▶ _WORK TO BE COMPLETED_
What you return must match the listing exactly, with every image removed.

▶ _DATASET CONTENT_
* * * * *
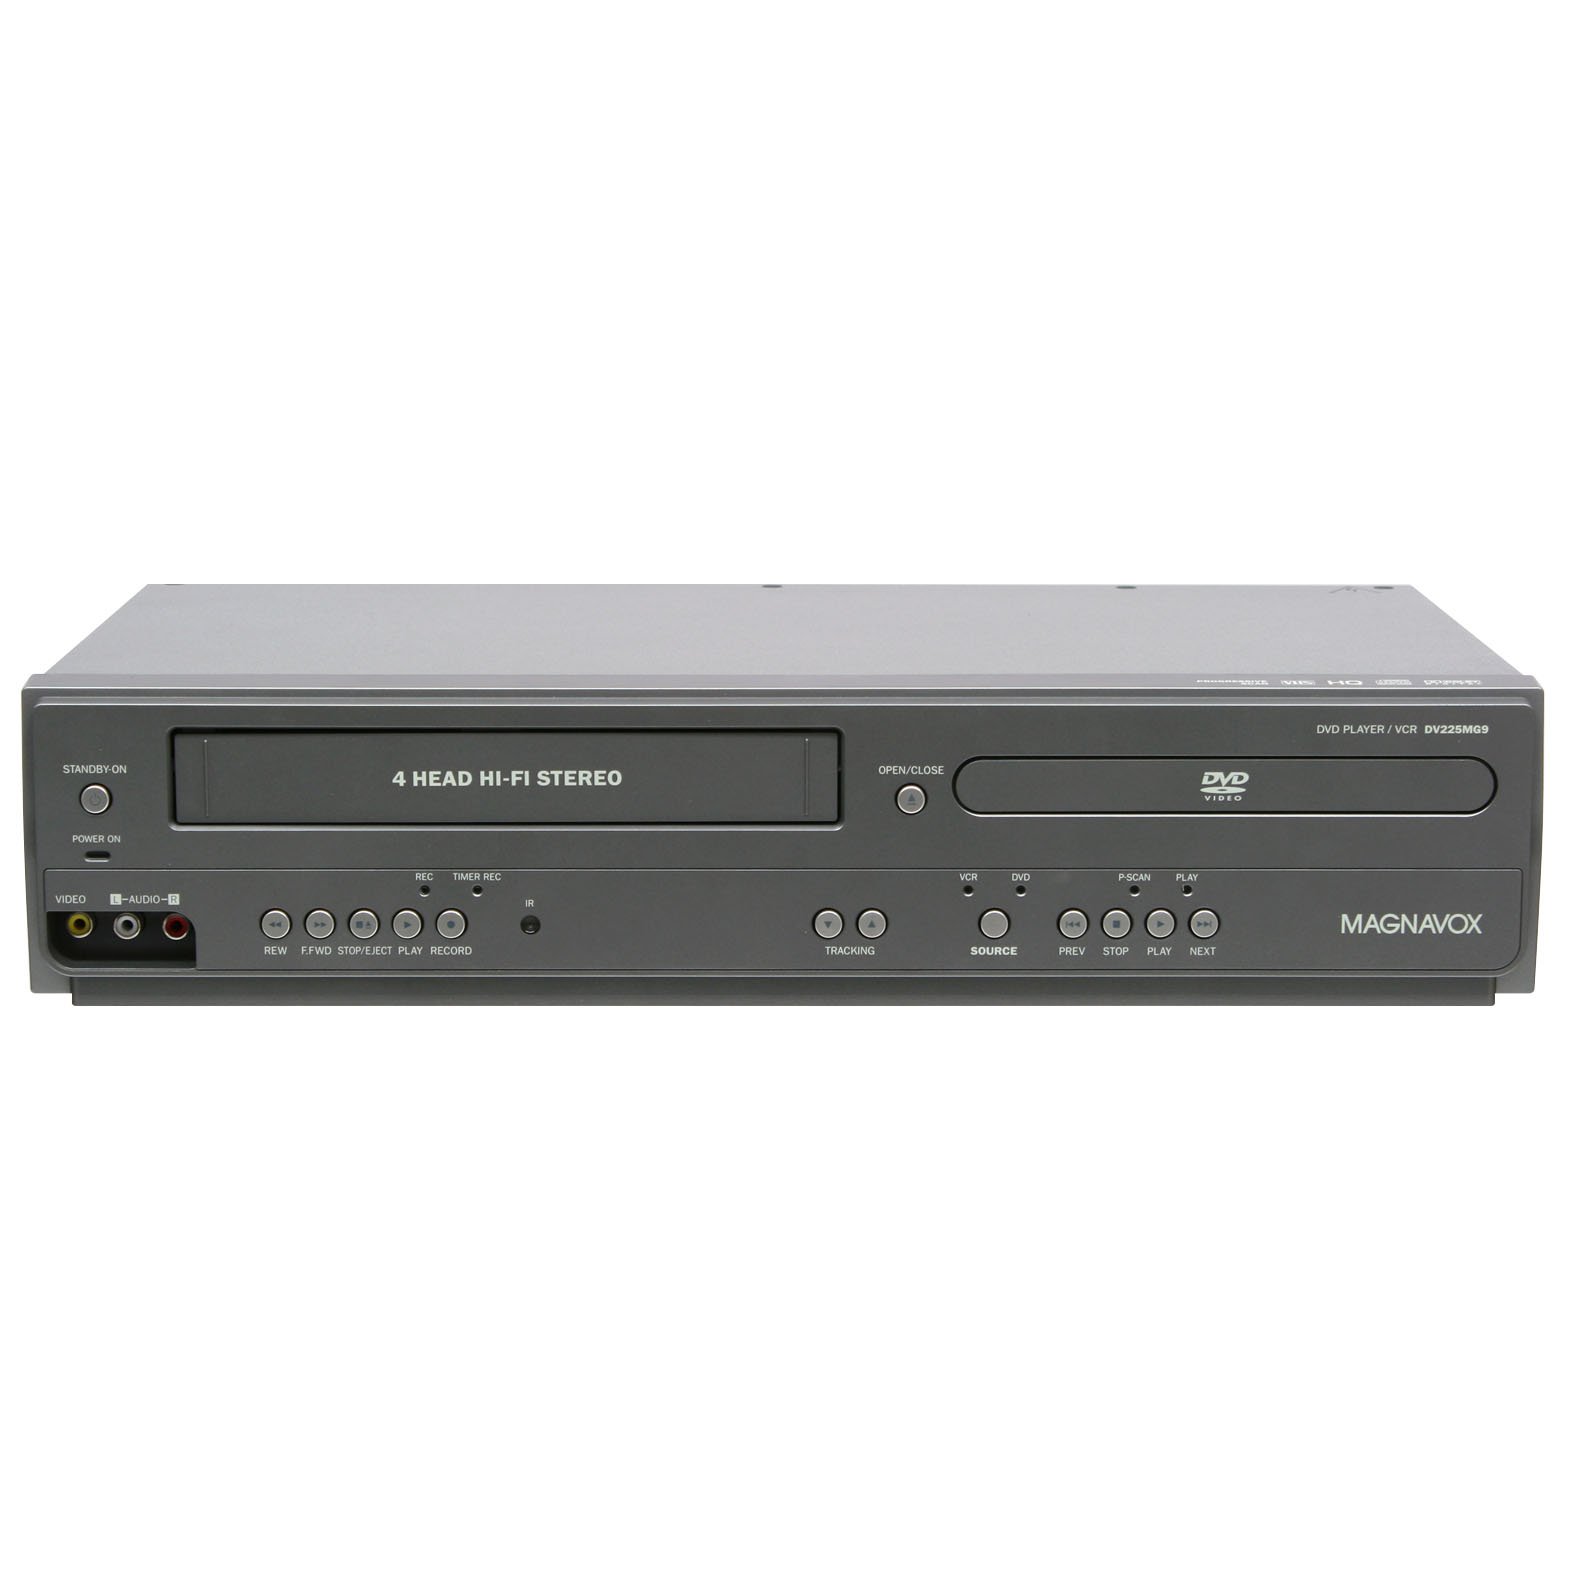 Magnavox DVD-плеер DV225MG9 и 4-головочный стереовидеомагнитофон Hi-Fi с линейной записью
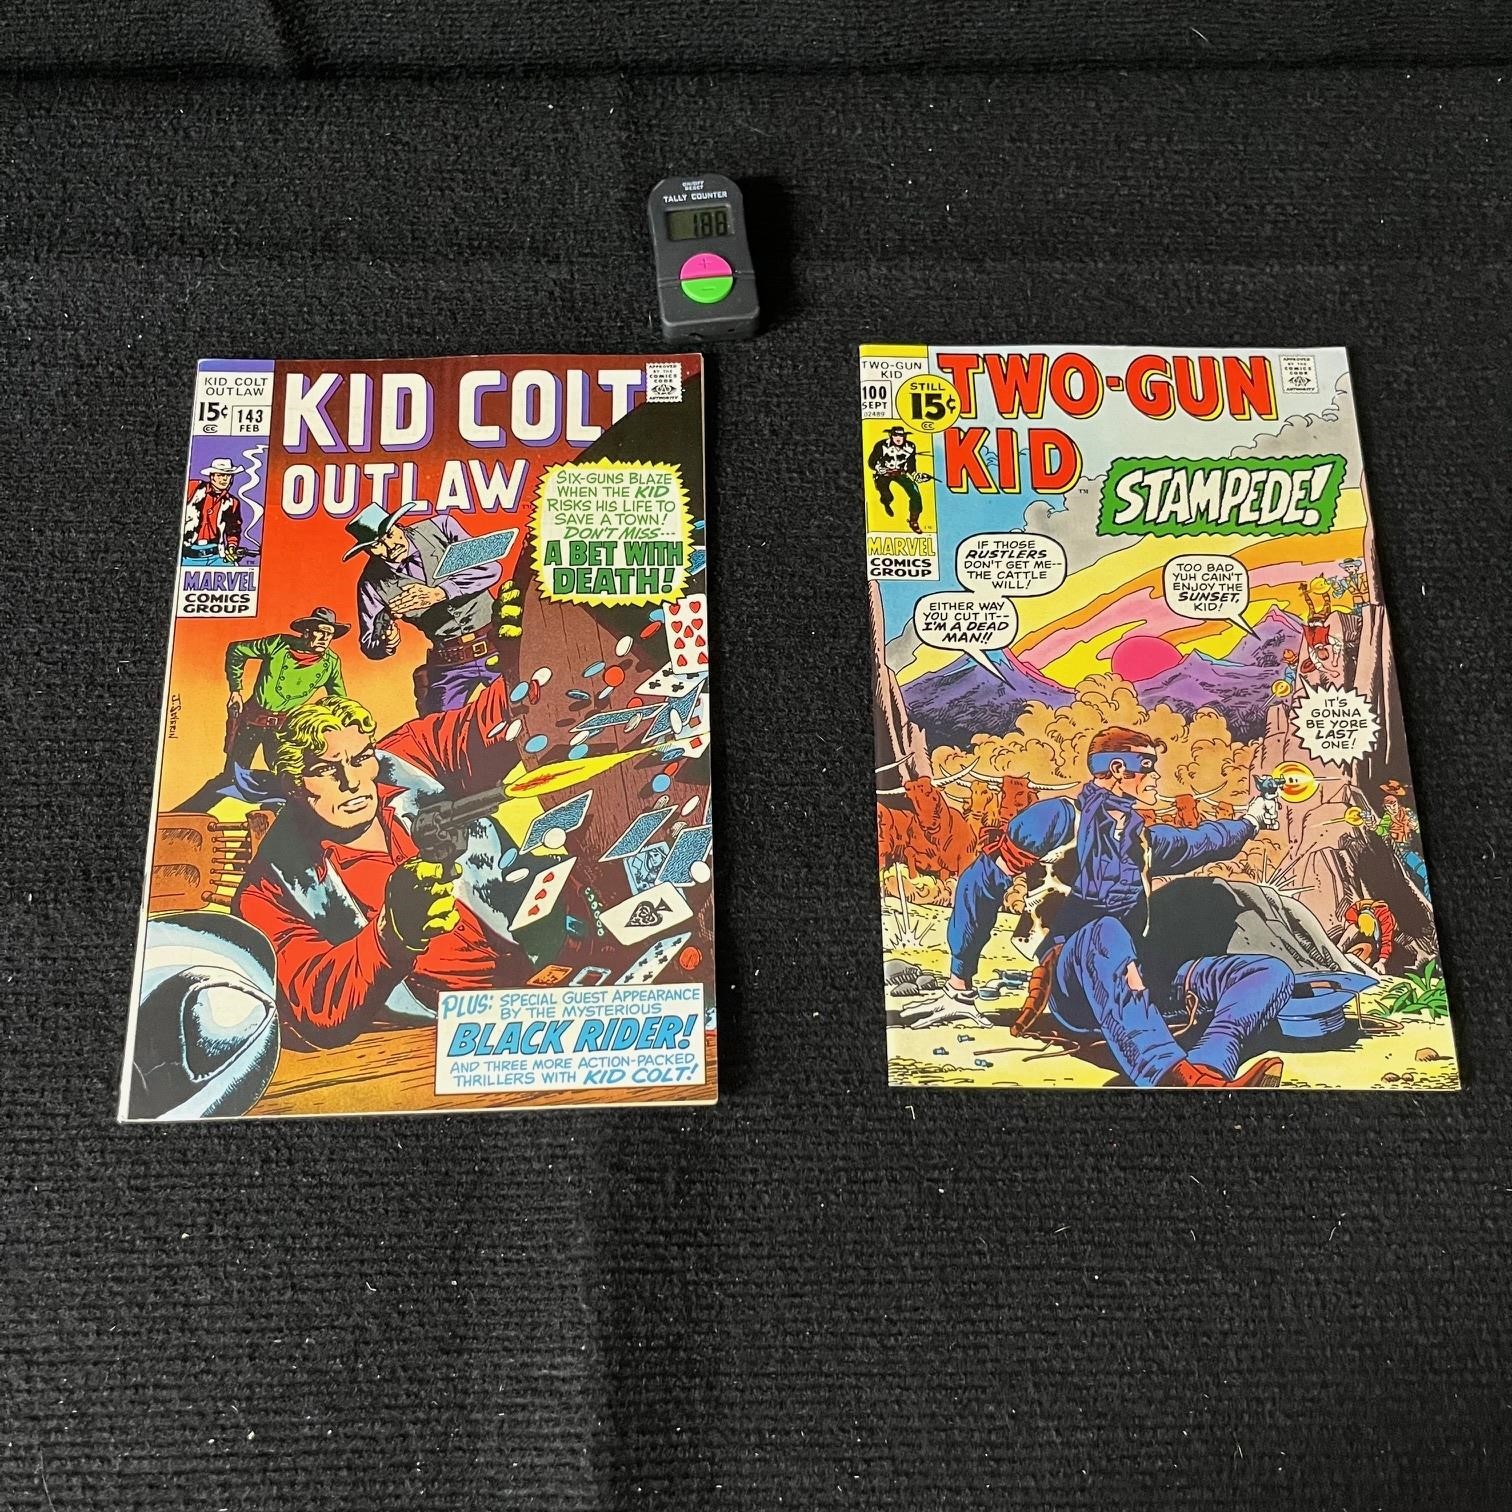 Kid Colt Outlaw 143 & Two Gun kid 100
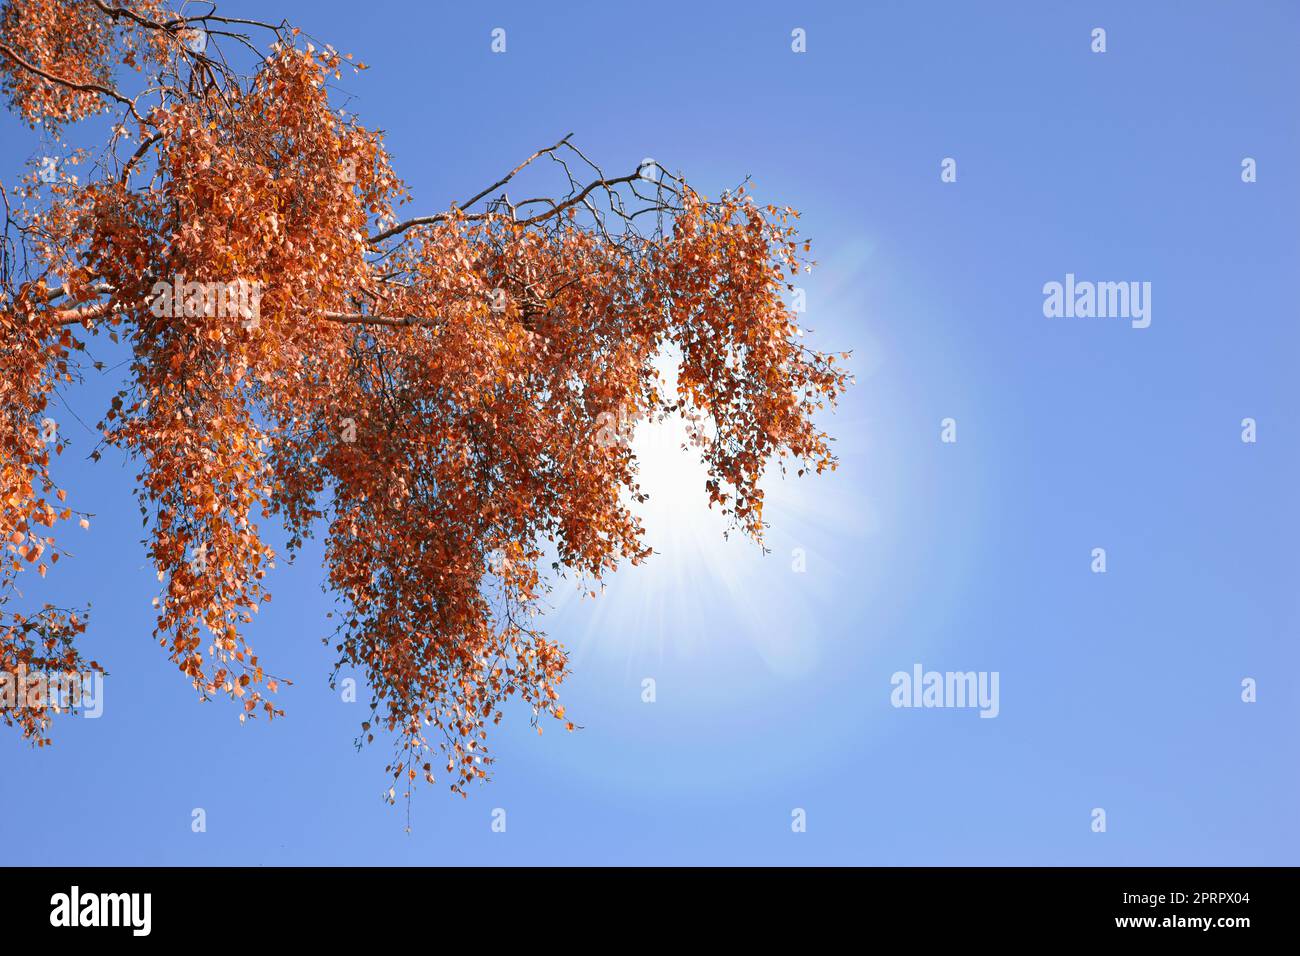 Herbst in den Farben des Herbstes. Ein Foto von roten Herbstblättern im Sonnenlicht. Stockfoto
* * * * *
▶ _YOUR RESPONSE_
 Magnavox DVD-плеер DV225MG9 и 4-головочный стереовидеомагнитофон Hi-Fi с линейной записью
 Kid Colt Outlaw 143 & Two Gun kid 100
 Herbst in den Farben des Herbstes. Ein Foto von roten Herbstblättern im Sonnenlicht. Stockfoto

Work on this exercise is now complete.